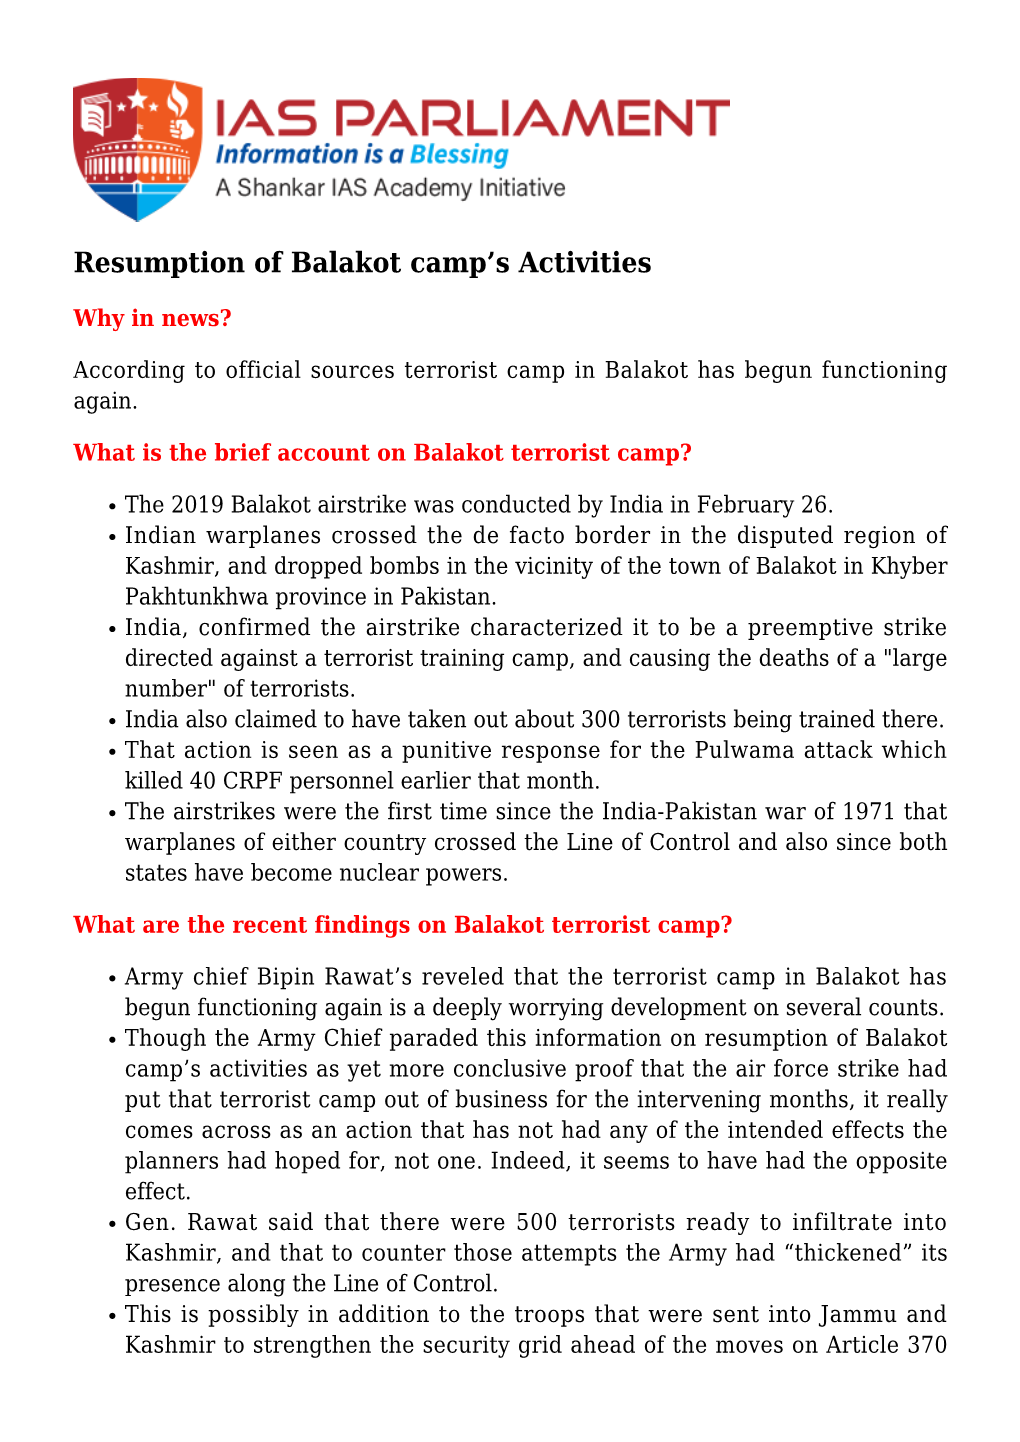 Resumption of Balakot Camp's Activities
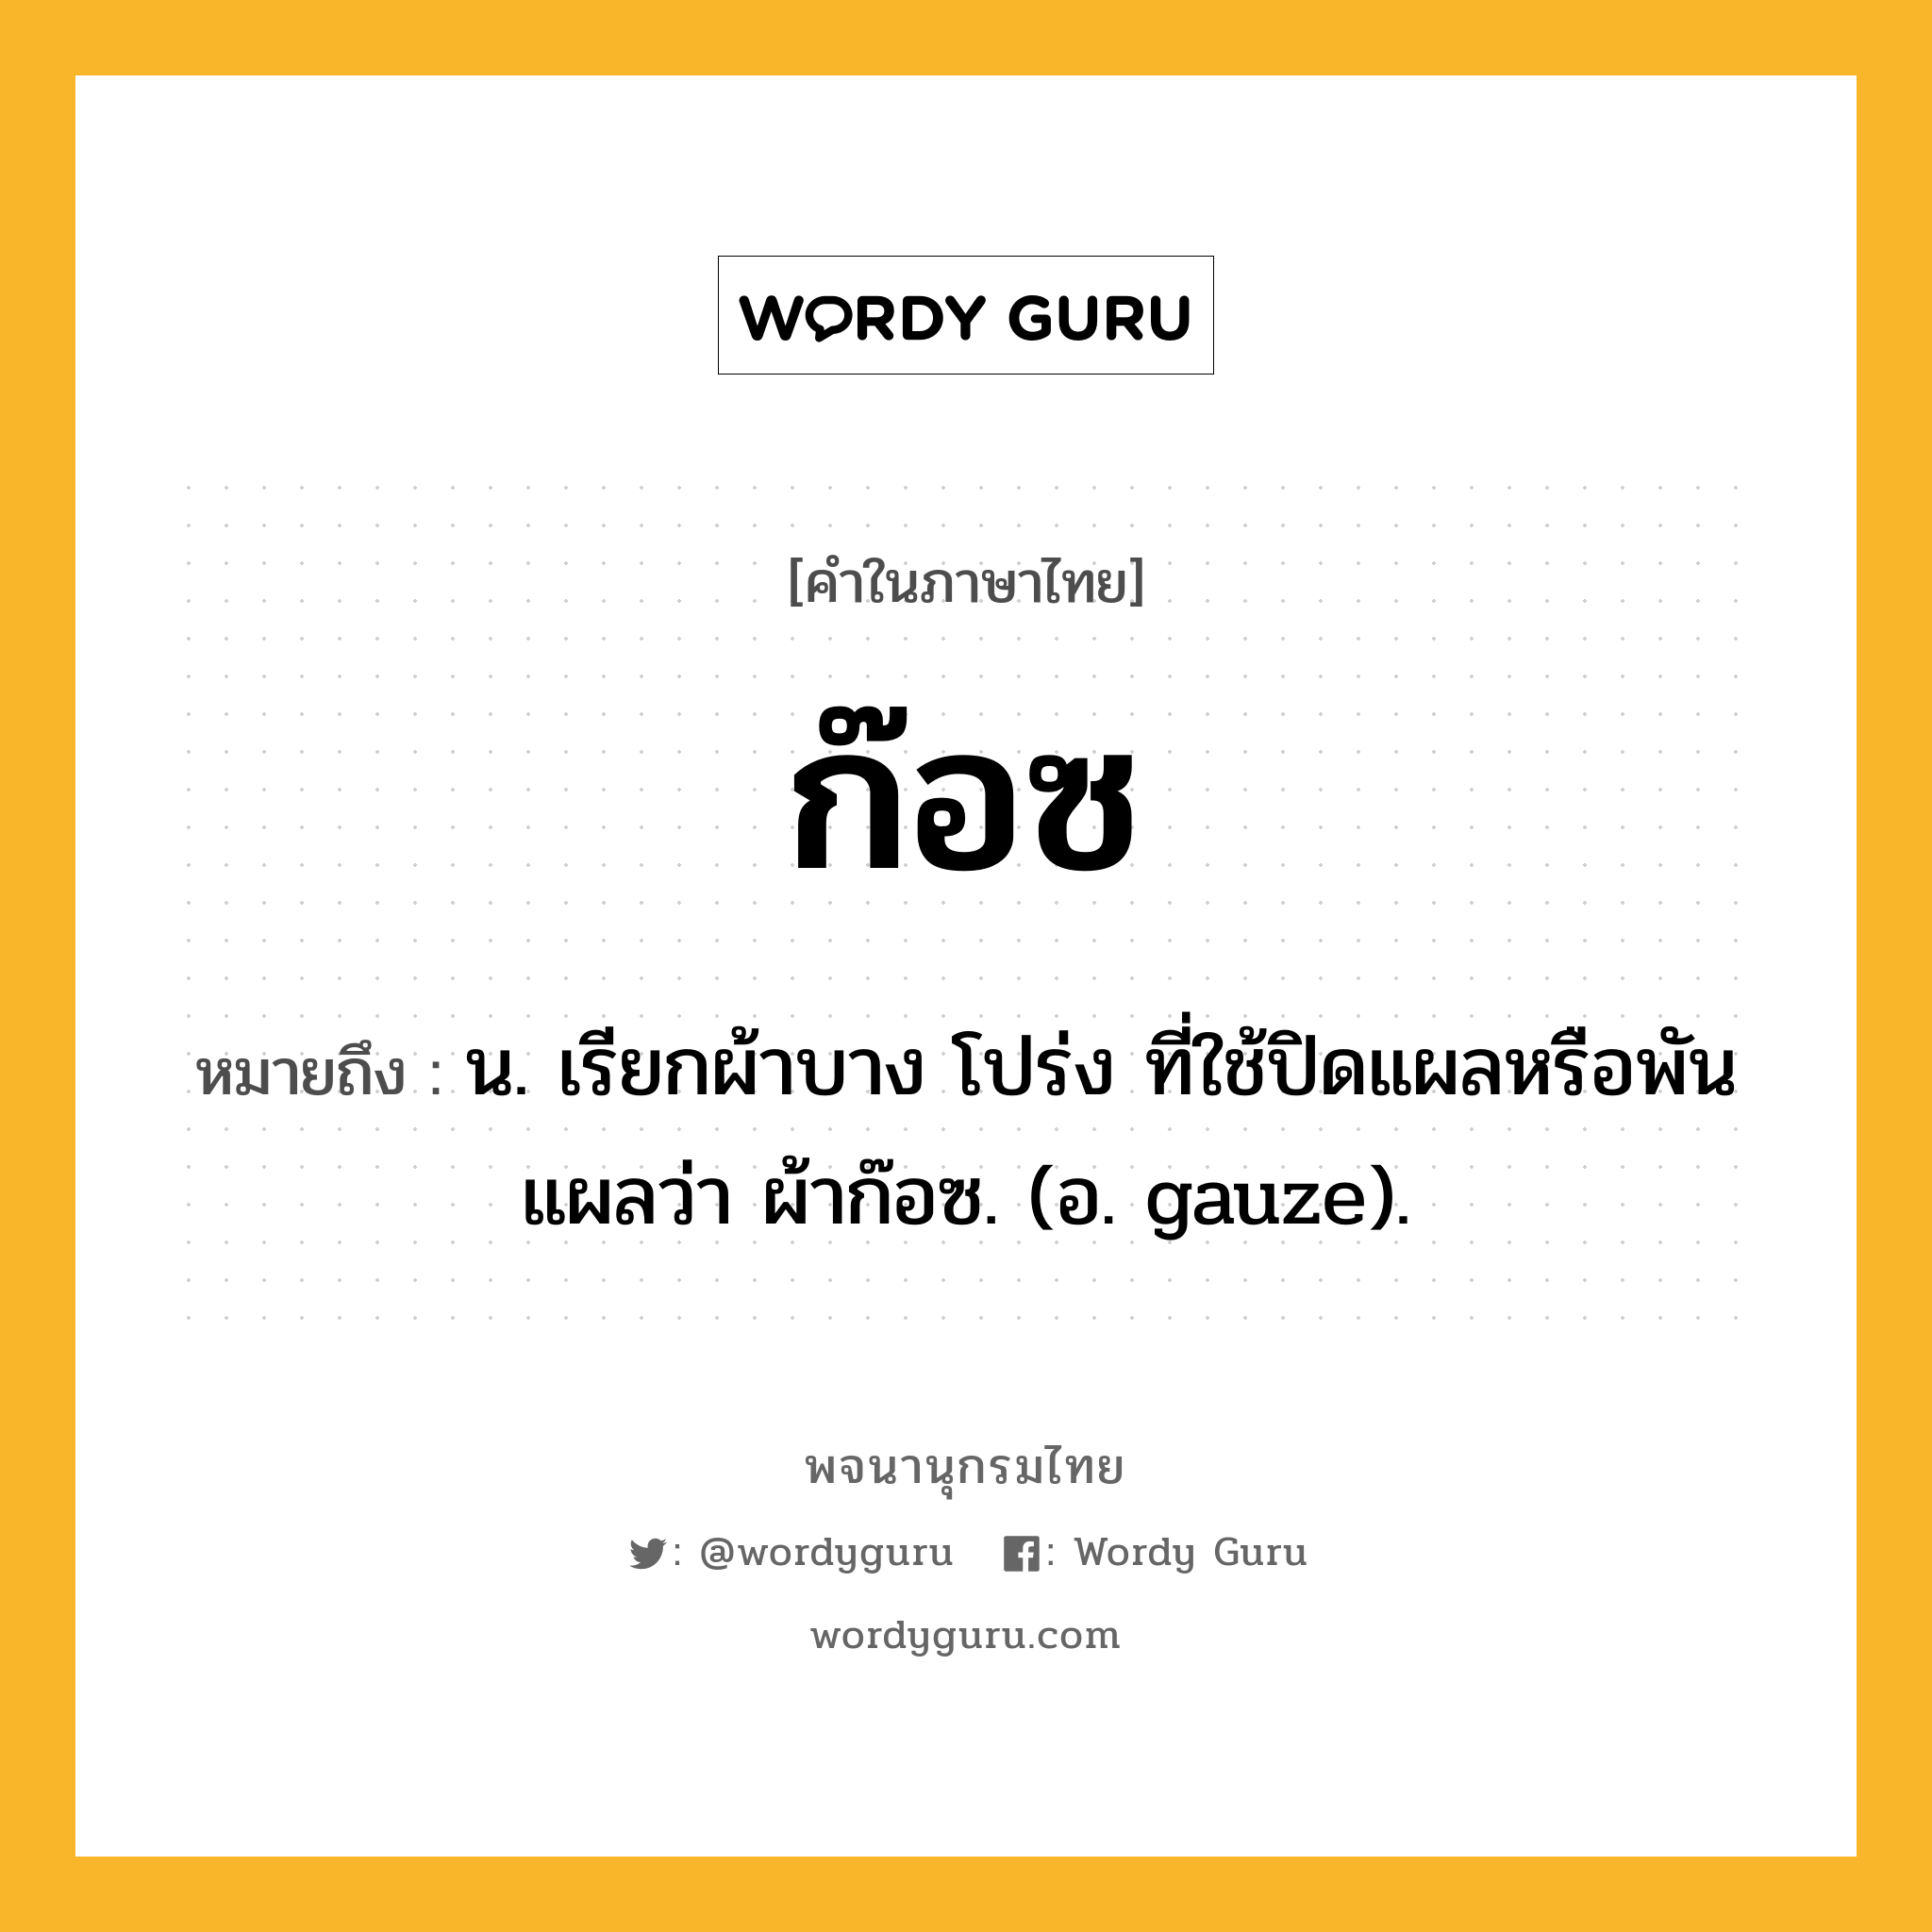 ก๊อซ ความหมาย หมายถึงอะไร?, คำในภาษาไทย ก๊อซ หมายถึง น. เรียกผ้าบาง โปร่ง ที่ใช้ปิดแผลหรือพันแผลว่า ผ้าก๊อซ. (อ. gauze).
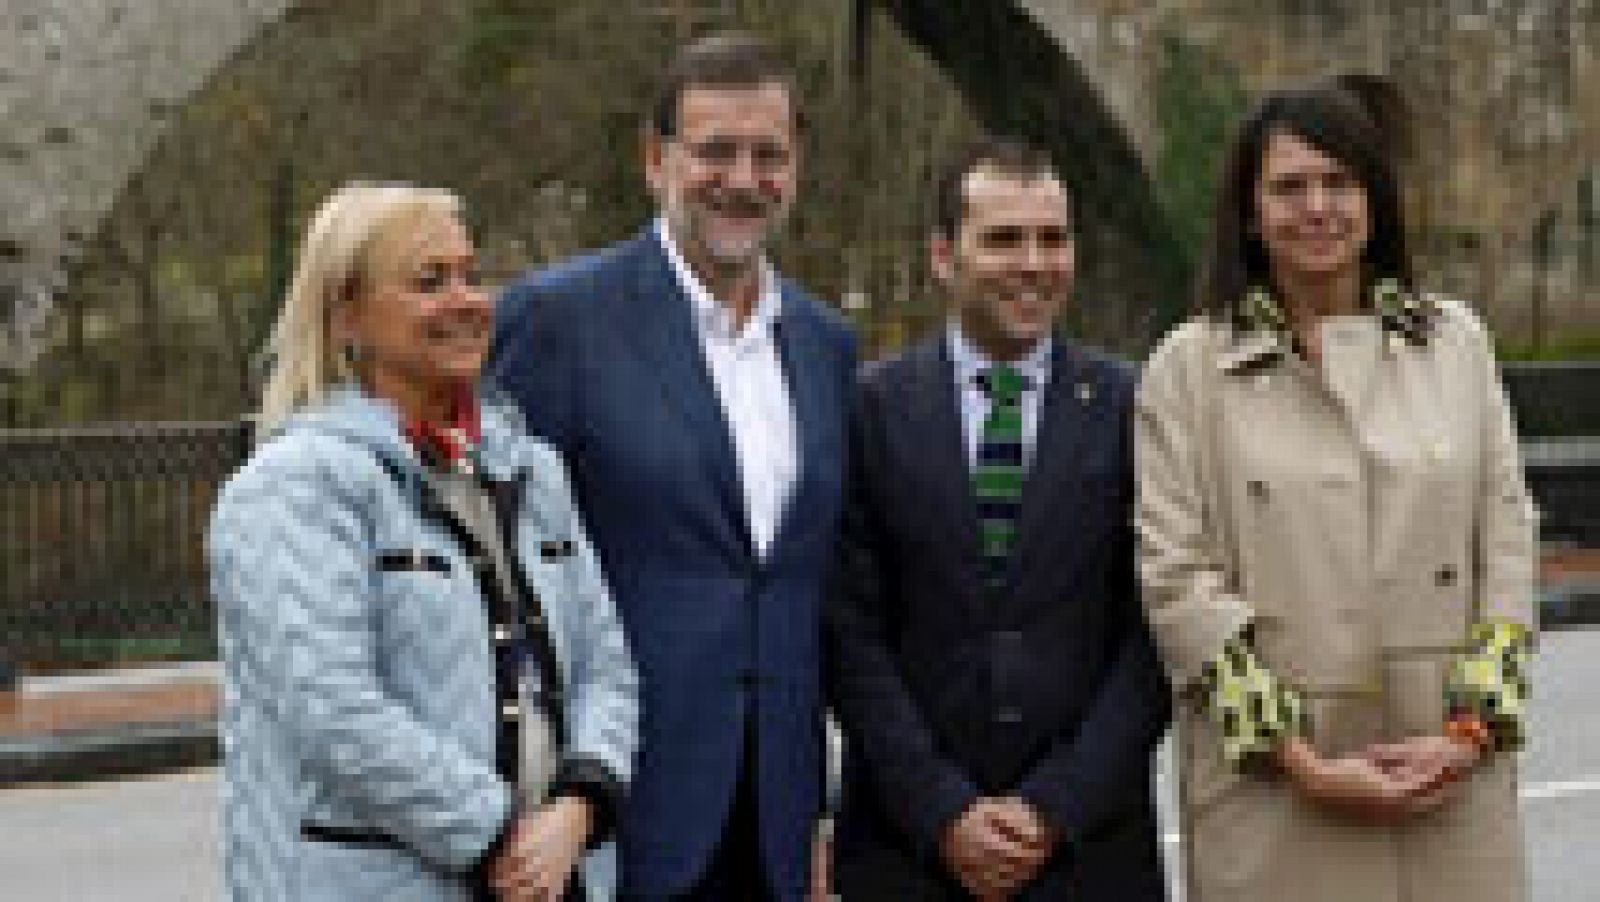 Elecciones generales 2015: Rajoy: "Frente al PP lo único que hay es una coalición de izquierdas que no conviene"

******

• **ASSIGNMENT**: Drop the pictures and reproduce the rest of the data above exactly.

• **RESULT FOR THIS TASK**:
 Resumption of Balakot Camp's Activities
 ก๊อซ ความหมาย หมายถึงอะไร?, คำในภาษาไทย ก๊อซ หมายถึง น. เรียกผ้าบาง โปร่ง ที่ใช้ปิดแผลหรือพันแผลว่า ผ้าก๊อซ. (อ. gauze).
 Elecciones generales 2015: Rajoy: "Frente al PP lo único que hay es una coalición de izquierdas que no conviene"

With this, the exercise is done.